> [Work to be completed]
Copy each line of the records that contains the word "Jersey".

> [Data to use]
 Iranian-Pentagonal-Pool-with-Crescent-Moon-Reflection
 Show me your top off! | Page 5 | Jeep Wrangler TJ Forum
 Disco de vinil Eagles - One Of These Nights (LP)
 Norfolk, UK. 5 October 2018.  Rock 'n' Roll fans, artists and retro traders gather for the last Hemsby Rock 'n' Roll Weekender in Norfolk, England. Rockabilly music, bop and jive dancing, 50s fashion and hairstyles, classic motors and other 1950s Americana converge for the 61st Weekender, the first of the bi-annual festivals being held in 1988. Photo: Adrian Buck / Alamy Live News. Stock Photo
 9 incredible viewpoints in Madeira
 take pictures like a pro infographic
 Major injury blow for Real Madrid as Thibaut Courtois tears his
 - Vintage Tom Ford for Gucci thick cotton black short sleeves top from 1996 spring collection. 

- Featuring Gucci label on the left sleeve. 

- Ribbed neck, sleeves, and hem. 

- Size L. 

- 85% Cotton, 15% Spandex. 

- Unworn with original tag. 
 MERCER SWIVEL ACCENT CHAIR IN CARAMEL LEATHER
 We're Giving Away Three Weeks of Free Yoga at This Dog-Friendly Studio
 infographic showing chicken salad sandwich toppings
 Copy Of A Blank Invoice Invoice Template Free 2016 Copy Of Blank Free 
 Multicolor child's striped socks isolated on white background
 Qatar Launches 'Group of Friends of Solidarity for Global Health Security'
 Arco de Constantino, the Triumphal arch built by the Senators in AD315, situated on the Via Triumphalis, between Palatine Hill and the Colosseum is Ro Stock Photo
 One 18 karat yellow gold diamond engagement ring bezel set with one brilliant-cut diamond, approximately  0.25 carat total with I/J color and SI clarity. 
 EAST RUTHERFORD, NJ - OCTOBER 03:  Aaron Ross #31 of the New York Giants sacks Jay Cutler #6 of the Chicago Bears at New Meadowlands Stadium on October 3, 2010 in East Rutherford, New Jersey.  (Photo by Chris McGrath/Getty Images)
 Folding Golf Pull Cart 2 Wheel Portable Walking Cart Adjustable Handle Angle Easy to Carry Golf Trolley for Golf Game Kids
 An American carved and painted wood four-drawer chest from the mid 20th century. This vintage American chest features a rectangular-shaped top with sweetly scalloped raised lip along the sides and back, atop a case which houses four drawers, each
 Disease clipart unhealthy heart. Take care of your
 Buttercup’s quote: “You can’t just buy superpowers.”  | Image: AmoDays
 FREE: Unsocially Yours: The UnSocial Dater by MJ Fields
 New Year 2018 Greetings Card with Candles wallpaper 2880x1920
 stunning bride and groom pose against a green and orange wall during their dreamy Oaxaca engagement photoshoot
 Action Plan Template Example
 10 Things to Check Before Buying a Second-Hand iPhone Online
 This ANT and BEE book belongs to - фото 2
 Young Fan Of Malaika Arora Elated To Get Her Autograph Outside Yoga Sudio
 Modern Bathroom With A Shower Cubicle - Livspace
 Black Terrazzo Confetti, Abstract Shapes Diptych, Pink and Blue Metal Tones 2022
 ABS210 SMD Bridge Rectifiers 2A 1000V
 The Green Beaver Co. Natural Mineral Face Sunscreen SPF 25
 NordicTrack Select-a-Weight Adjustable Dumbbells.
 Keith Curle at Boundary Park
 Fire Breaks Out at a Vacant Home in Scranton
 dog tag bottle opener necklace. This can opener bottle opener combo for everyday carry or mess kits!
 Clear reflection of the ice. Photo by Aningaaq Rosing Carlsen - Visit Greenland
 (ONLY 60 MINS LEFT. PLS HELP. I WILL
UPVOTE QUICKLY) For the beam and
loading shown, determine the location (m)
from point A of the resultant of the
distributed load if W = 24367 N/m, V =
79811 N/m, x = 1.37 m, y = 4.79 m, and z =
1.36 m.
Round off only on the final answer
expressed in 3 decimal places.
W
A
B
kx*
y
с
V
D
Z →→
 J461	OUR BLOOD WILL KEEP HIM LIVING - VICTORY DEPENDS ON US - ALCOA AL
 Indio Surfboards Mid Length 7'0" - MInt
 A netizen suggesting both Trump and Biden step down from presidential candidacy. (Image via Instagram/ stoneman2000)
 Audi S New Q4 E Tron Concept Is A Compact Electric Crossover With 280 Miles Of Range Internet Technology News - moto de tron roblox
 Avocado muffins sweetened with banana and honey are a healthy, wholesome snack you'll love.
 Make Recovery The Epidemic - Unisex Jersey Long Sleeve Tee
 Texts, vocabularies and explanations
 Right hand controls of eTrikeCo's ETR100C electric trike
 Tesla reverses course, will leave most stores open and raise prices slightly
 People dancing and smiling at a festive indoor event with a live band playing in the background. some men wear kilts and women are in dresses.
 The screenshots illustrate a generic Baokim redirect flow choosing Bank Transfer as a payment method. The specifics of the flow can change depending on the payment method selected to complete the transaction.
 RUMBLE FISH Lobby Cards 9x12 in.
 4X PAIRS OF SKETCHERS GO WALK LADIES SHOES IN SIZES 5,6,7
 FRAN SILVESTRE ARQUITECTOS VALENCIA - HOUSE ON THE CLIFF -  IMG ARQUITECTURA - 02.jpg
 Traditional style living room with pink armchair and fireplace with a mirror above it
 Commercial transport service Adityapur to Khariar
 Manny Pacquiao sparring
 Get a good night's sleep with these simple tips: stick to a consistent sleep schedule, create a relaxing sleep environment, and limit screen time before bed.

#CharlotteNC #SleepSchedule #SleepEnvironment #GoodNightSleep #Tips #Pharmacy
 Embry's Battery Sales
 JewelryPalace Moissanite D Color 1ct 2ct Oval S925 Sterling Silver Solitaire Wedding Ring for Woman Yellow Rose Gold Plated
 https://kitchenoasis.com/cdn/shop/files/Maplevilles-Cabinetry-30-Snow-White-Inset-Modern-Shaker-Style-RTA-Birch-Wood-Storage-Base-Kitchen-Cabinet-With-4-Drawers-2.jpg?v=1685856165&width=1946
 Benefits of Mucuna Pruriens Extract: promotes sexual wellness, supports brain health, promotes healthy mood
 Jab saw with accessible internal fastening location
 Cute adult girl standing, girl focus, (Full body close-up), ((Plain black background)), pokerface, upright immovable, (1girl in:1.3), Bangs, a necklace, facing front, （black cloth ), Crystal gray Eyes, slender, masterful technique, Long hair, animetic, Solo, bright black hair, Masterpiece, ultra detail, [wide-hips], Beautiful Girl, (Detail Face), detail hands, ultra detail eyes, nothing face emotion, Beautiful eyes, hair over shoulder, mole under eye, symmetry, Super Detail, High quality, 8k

> [Finished exercise]
 EAST RUTHERFORD, NJ - OCTOBER 03:  Aaron Ross #31 of the New York Giants sacks Jay Cutler #6 of the Chicago Bears at New Meadowlands Stadium on October 3, 2010 in East Rutherford, New Jersey.  (Photo by Chris McGrath/Getty Images)
 Make Recovery The Epidemic - Unisex Jersey Long Sleeve Tee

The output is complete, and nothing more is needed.